Educational Technology and Communication (hereafter ETC) is a core unit for the MA: Digital Technologies, Communication and Education (DTCE) and is fundamental to it. It is the unit in which key theoretical and practical concepts are explored and then applied by the students, in a self-reflective way, to their own current and future work with the design of learning environments. Students are directed throughout towards the evaluation of educational technology practices accumulated either through their activity on other DTCE course units, or their professional activity. The fundamental principle of the ETC unit is reflective practice, and its application to the evaluation of educational technologies and, more broadly, educational texts and utterances. Students are expected to explore the more generic principles and frameworks for analysing educational environments within specific, personally-relevant contexts.

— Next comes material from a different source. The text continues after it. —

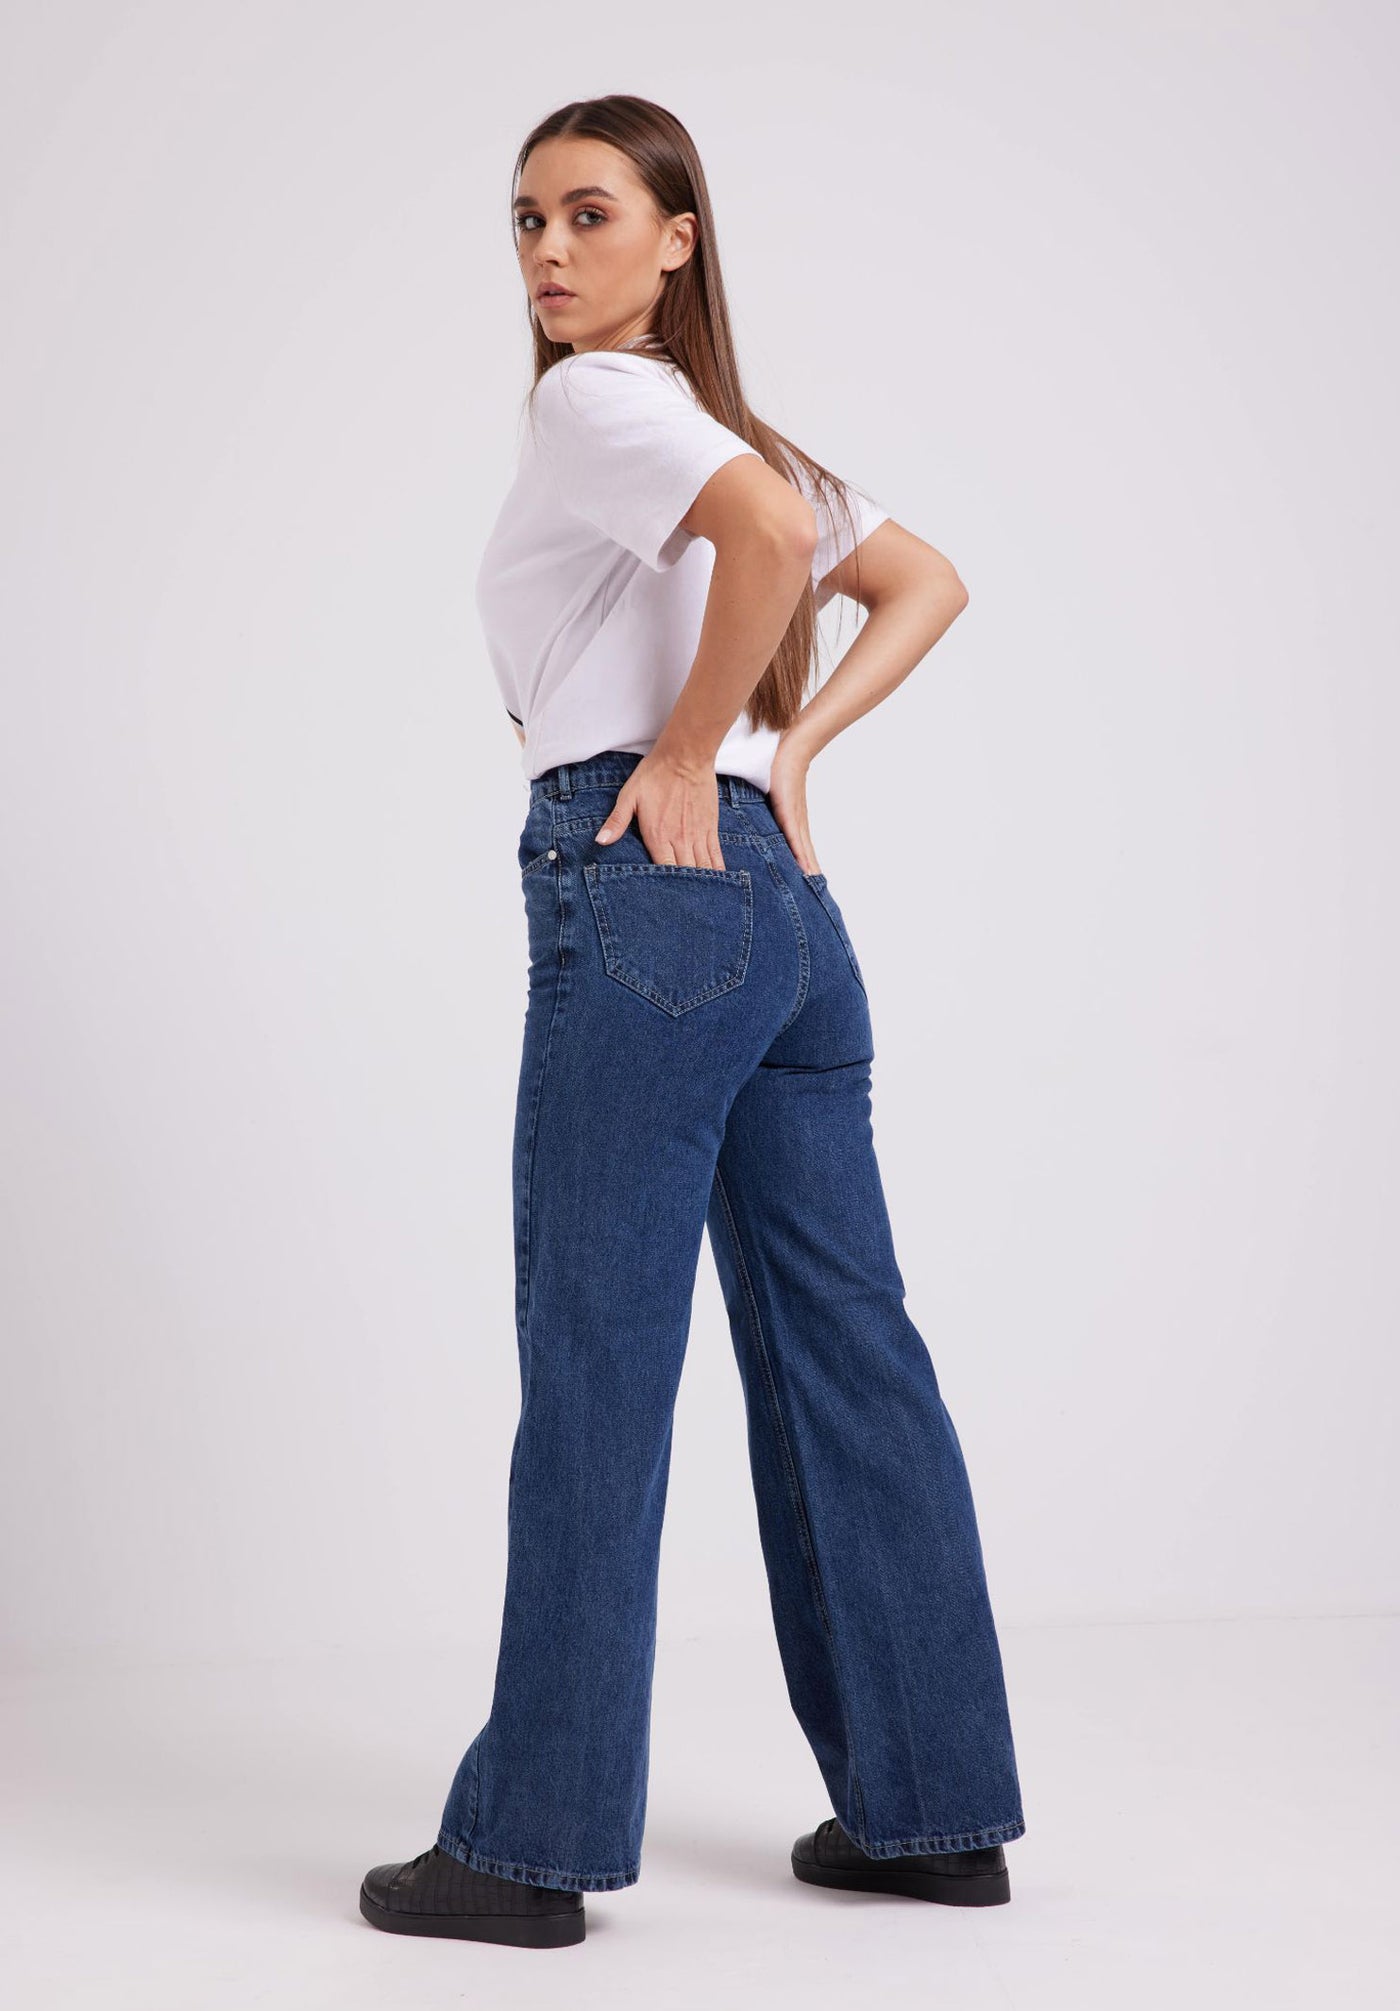 Jeans Pants - Mid Rise - Wide Leg - Blue

Content of the unit includes the following:

+ Historical development of educational technology, starting with the book and then investigating developments in ICT from the 1940s to the present day;

+ Reflective practice and the professional development of teachers, educators and learning designers;

+ Pedagogical techniques and methodologies for the design and evaluation of learning environments including instructional design, participatory design, connectivism, learner-generated contexts;

+ Digital divides, appropriate and assistive technology;

+ The social shaping of technology, political and organisational issues arising from ICT and educational technology


There are several ways in which students can apply the general principles they are investigating, including assessed discussion activities with their peers and a field trip to a museum (either in Manchester or their own locality).



The unit aims to:

Develop in learners who complete it a personal framework for the study and use of digital technologies and communications techniques in a broad range of educational settings. The framework will be based on reflective practice, evaluation and techniques to help students develop knowledge of their own specific context.

It also aims to induct students into the learning community of the MA: DTCE and, particularly, to make connections between new on-campus and new distance learners


Teaching and learning methods

On-campus students: 45 hours on-campus teaching + 3 hour field trip + 2 hour online session = 50 hours teaching.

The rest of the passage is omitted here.